Continue reading: Repost: R 4.5.0 and Bioconductor 3.21
Long-term Implications and Future Developments for R 4.5.0 and Bioconductor 3.21
The release of R 4.5.0 and Bioconductor 3.21 have significant long-term implications for the field of data science, particularly in the realm of bioinformatics. This article will explore the merits of these updates and discuss potential future developments.
Faster Package Installation
R 4.5.0 boasts significantly enhanced package installation speeds. The minor version change has initiated technical alterations that enable install.packages() to download packages in parallel. Users can expect much faster download times when installing or downloading multiple packages, thereby streamlining project setup.

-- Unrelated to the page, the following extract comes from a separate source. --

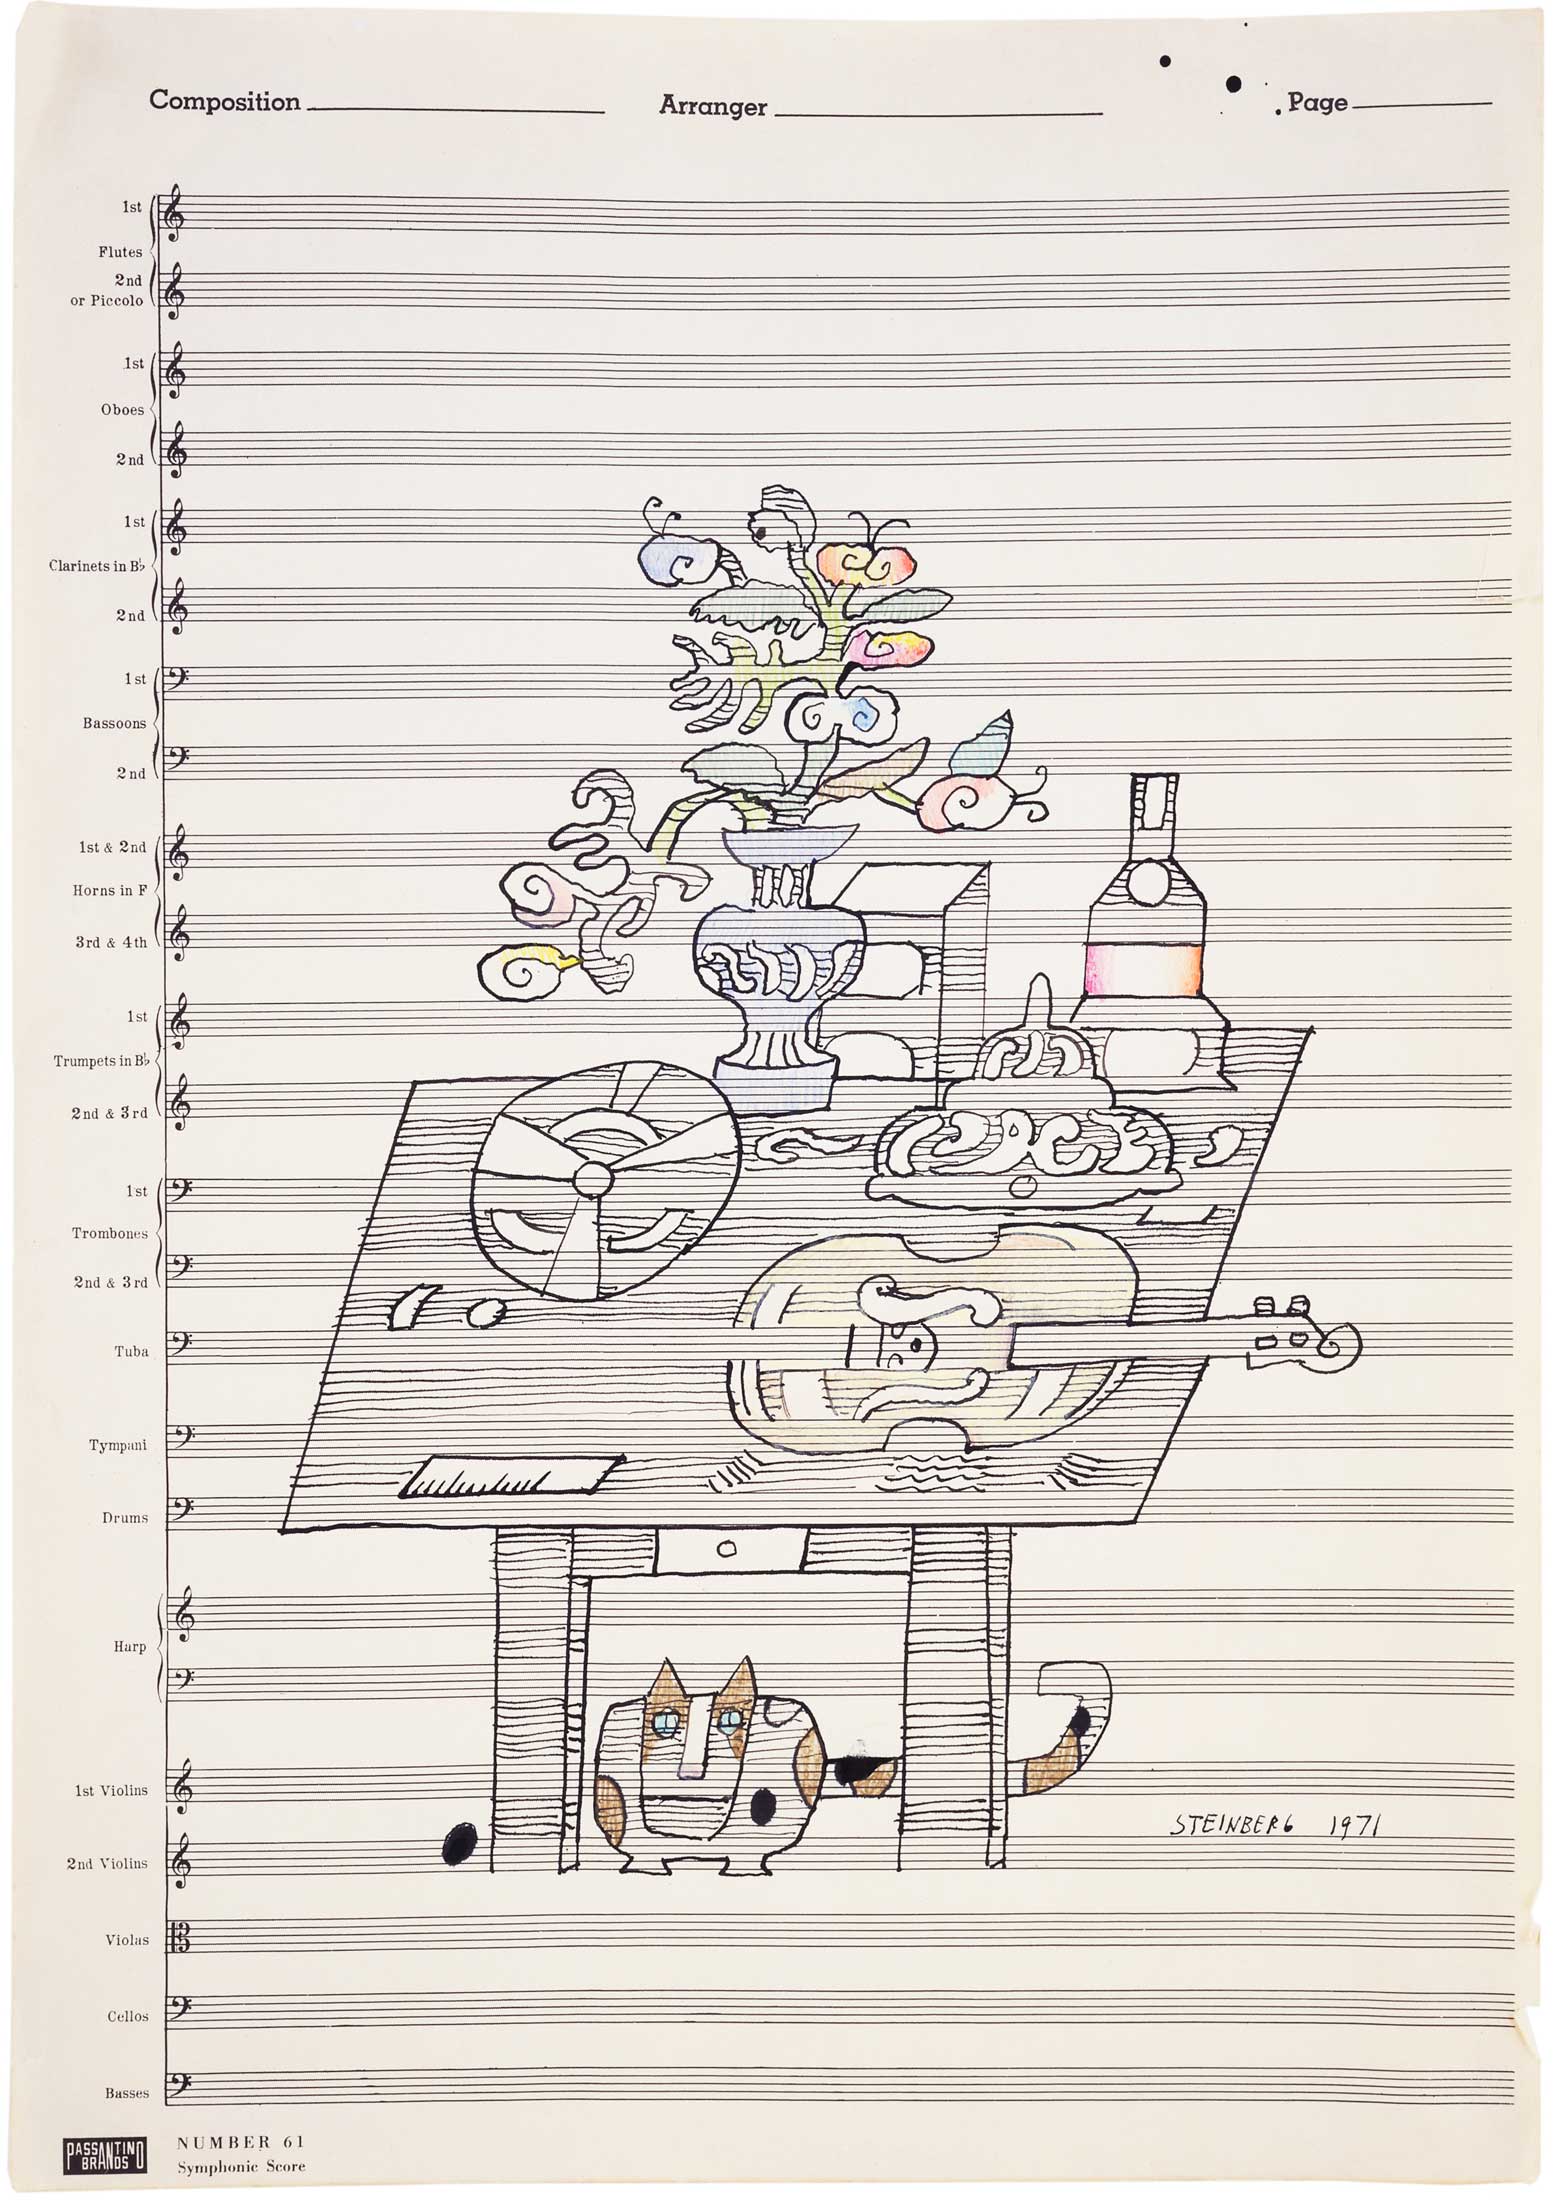 <em>Untitled</em>, 1971. Ink with crayon and colored pencil on sheet music paper, 14 ¼ x 20 1/8 in. The Art Institute of Chicago; Gift of The Saul Steinberg Foundation.

Actionable advice: Maintaining a ‘verse’ package that lists frequently used packages as dependencies is an efficient way to reinstall all necessary packages on a new machine or following an R upgrade. Maintain and update your ‘verse’ package to continually streamline your workflow.
Useful Data for Learning
The addition of the built-in penguins data to R 4.5.0 provides more engaging and diverse data for learners. Unlike the iris dataset, which is overused and lacks challenges like outliers and multiple categorical labels, the penguins dataset offers a more realistic basis for data exploration and visualization training.
Actionable advice: For those writing tutorials, familiarize yourself with the built-in penguins data and consider using it to offer a more stimulating learning environment.
Import Only the Functions You Want with use()
The use() function in R 4.5.0 allows users to import only the functions they need from installed packages. However, once you use the function, you will need to import all the functions you might want to import as trying to import other functions later will not be possible.
Actionable advice: Learn and implement the use of use() judiciously to optimize your workspace.
New Package: Bioconductor 3.21
Bioconductor 3.21 offers 72 new software packages, enhancing the analytical capabilities of genomics, transcriptomics, proteomics, metabolomics, and spatial omics. Tools for spatial transcriptomics, single-cell data analysis, multi-omics datasets integration, robust statistical and machine learning approaches, and improved visualization are some of the impactful offerings.
Actionable advice: Regularly update your version of Bioconductor and familiarize yourself with the latest packages. Bioconductor 3.21’s considerable additions could greatly enhance your data analysis capabilities.
Conclusion
The upgraded releases of R and Bioconductor are steps towards improving productivity, expanding analytical capacities, and enriching the learning process. By integrating the newly added functionalities into their workflows, data scientists and learners can progressively elevate their skills and outcomes. Keeping abreast of these enhancements and understanding how to utilize them will likely be integral to success in future data analysis endeavors.